The spokesman declined to discuss possible future tax rises, but said: ‘It remains a Government priority to continue to reduce the debt burden.’
In its own report, Managing Fiscal Risks, the Treasury said: ‘The Government is committed to reducing the level of public debt in a balanced way, while also providing more money for public services like the NHS, keeping taxes low and investing in infrastructure to build an economy that is fit for the future.
‘As a result, debt is forecast to begin its first sustained fall in a generation this year. This is an important turning point for the UK economy, but the Government needs to ensure that it has world-class management of fiscal risks to keep the public finances moving in the right direction.’
Under the OBR’s projections, public sector net debt is forecast to fall from a peak of 85.6 per cent of GDP in 2017/18 to 80 per cent in 2022/23.

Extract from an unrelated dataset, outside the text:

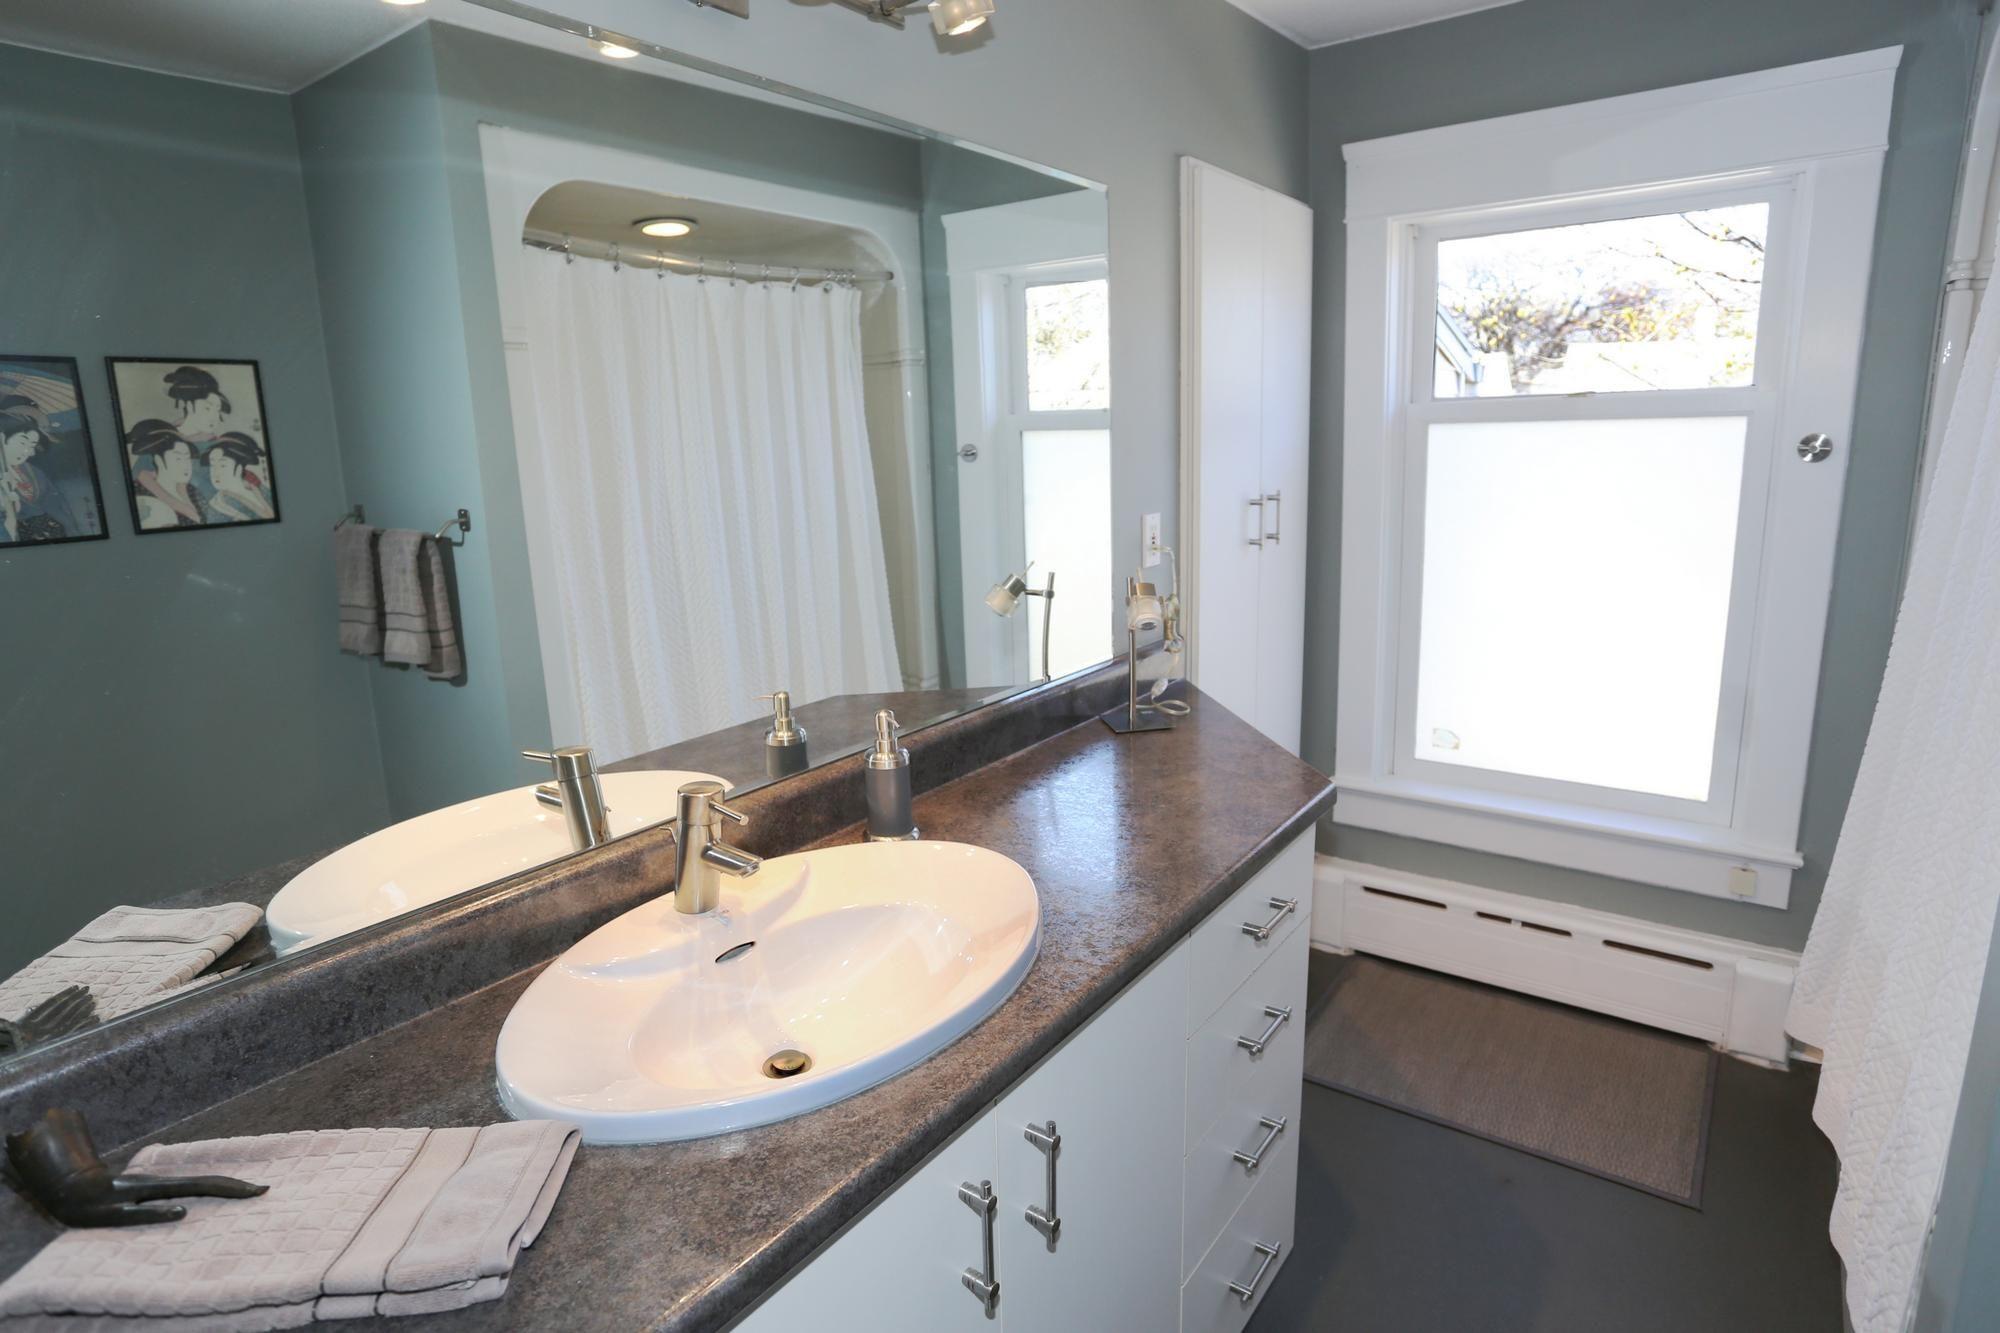 Photo 21: Photos: 96 Home Street in Winnipeg: Wolseley Single Family Detached for sale (5B)  : MLS®# 1810985

But after that point, extra spending pressures including an ageing population and increasingly expensive medical treatments is forecast to drive it up to 282.8 per cent by 2067/68.
Branding the projected rise ‘unsustainable’, the report states: ‘Needless to say, in practice policy would need to change long before this date to prevent this outcome.’
Under the projections, annual state spending – excluding interest payments on the UK’s debt – would rise from 36.4 per cent of GDP in 2022/23 to 44.6 per cent in 2067/68. This is the equivalent of an extra £172.8billion in today’s money.
The Vote Leave bus suggested Brexit could free up hundreds of millions of pounds a week for the NHS
Health spending would rise from 7.6 per cent to 13.8 per cent of GDP over the same period, while pension costs would increase from 5 per cent to 6.9 per cent, unless the current triple-lock protection is abandoned. Adult social care costs would soak up 1.9 per cent of GDP in 50 years’ time, compared to 1.3 per cent in 2022.
Without changes to fiscal policy, these pressures would push the state deficit – the difference between the amount spent by the Government each year and the amount collected in taxes and other income – would rise from 0.3 per cent of GDP to 8.6 per cent over the same period, equivalent to £176.5billion a year in today’s money.
The report set out possible options for reining in debt, by ‘tightening’ fiscal policy through tax rises and spending cuts.
One option would be a one-off tightening of 5.2 per cent of GDP – £111billion in today’s money – in 2023/24, which could be expected to hold debt down to around 40 per cent of GDP in 2067/68, but would see it rise after that date.
An alternative would be to tighten policy by 1.9 per cent of GDP every decade for the next 50 years, which would stabilise debt at around the target level and prevent it taking off again, said the OBR.